Jordan Peterson is a cross between a student who has lately discovered the meaning of life, and a professor who has known it all along.
In an interview in this week’s Spectator, the former persona is sandwiched between two slices of the latter. First he holds forth about the Bible in a ponderous way, in order to give us a taste of his new book. His thesis is that the supreme story is one of unity and order, not the chaotic play of secular power, and also that sacrifice is of fundamental importance.
These are substantial ideas, but they are presented with slow pomposity, as if only now are they fully understood. But they are hardly new: some of us were pondering them back in the 1990s, thanks to the radical orthodoxy theological movement and the work of the late French scholar René Girard.
The second slice of know-it-all professor is the predictable culture-war stuff. Peterson tries to outdo his fellow pundits by casting aspersions on his opponents, which will only impress a certain proportion of us.
Peterson keeps it ambiguous and vague
So what is his appeal, if he just offers some thirty-year old theology, and some culture-war vehemence? His unique selling point is his reluctance to declare his hand, on his religious position, and his semi-claim to be a prophet of some new revelation. This relies upon an ambiguity: is he is a Christian or not? If he clearly declared himself to be one, his aura would fade, because he would be positioned as just another official Christian. And he would have to plump for a particular denomination – a Christian-in-general is not taken seriously by other Christians. This would oblige him to defend certain things he might not be comfortable defending (the role of the pope, or the authority of scripture, say).
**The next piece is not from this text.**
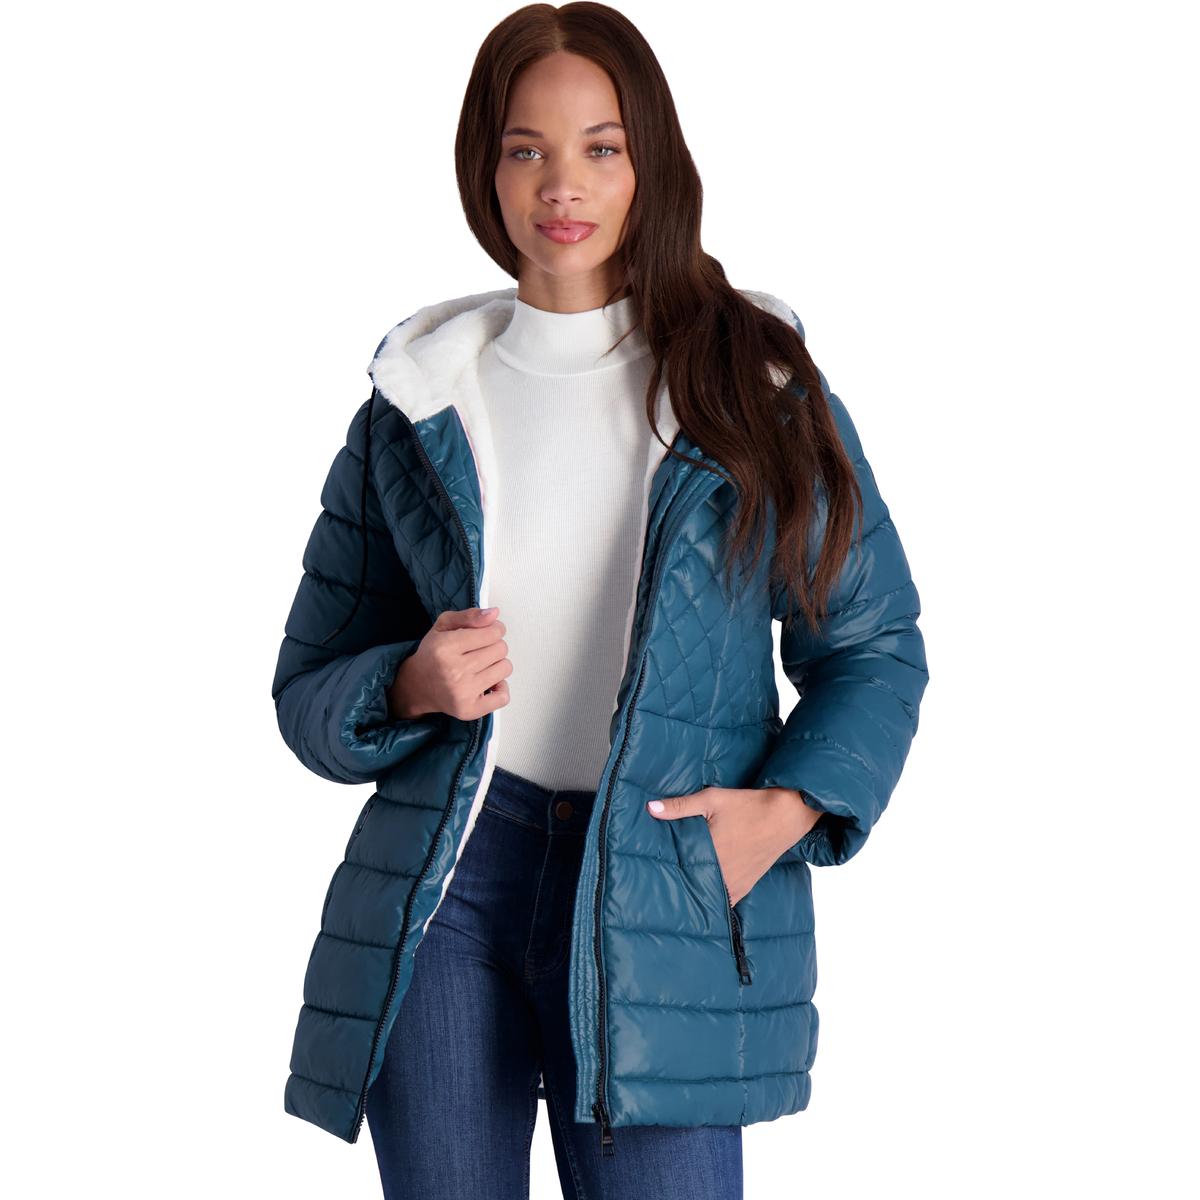  Steven Madden Women Winter Jacket - Packable Quilted

So Peterson keeps it ambiguous and vague. But the price of this is that he has to claim to have a major new insight into Christianity:
‘I’m not a typical Christian because I’m striving for understanding above all.’
The implication is that he puts himself in a risky and exposed position, for the good of the tradition – like a prophet. He then confirms this:
‘I’m a new kind of Christian. How about that? The manner in which I’m discussing these stories in my work has attracted a wide attention from precisely the people who were most disenchanted with the approach of the classic churches.’
In order to communicate the truth in a fresh way, he must keep his distance from conventional Christianity. That is his claim.
I have mixed feelings about this. Such posturing is a phase that many young people go through, as they discover what they think. I did. Also, I acknowledge that many interesting modern thinkers and artists have been on the edge of conventional religious allegiance in this sort of way. But Peterson is not, on present evidence, a major thinker or creative genius. The adulation of millions of middle-brows does not make you one. And so, in reality, he is an overgrown student type, doing in public what one is meant to do, decades earlier, in a secret journal.
A grown-up Christian thinker acknowledges his or her dependence on a tradition, which roughly means a denomination. It’s an admission that the big questions of faith have been tackled by many people before one, that one’s own attempts at understanding are part of a very long story. It also means that one is accountable: one has to face the sort of challenges that people naturally make about a particular religion’s relationship to politics and culture. One can’t float free of these basic difficult issues. Serious theologians see this as good and proper: it keeps one’s feet on the ground.
A few years ago I predicted that Peterson would become a Roman Catholic. It now seems that he is too wedded to his idea of himself as a prophet to join a particular church. I advise him to climb down from that self-image.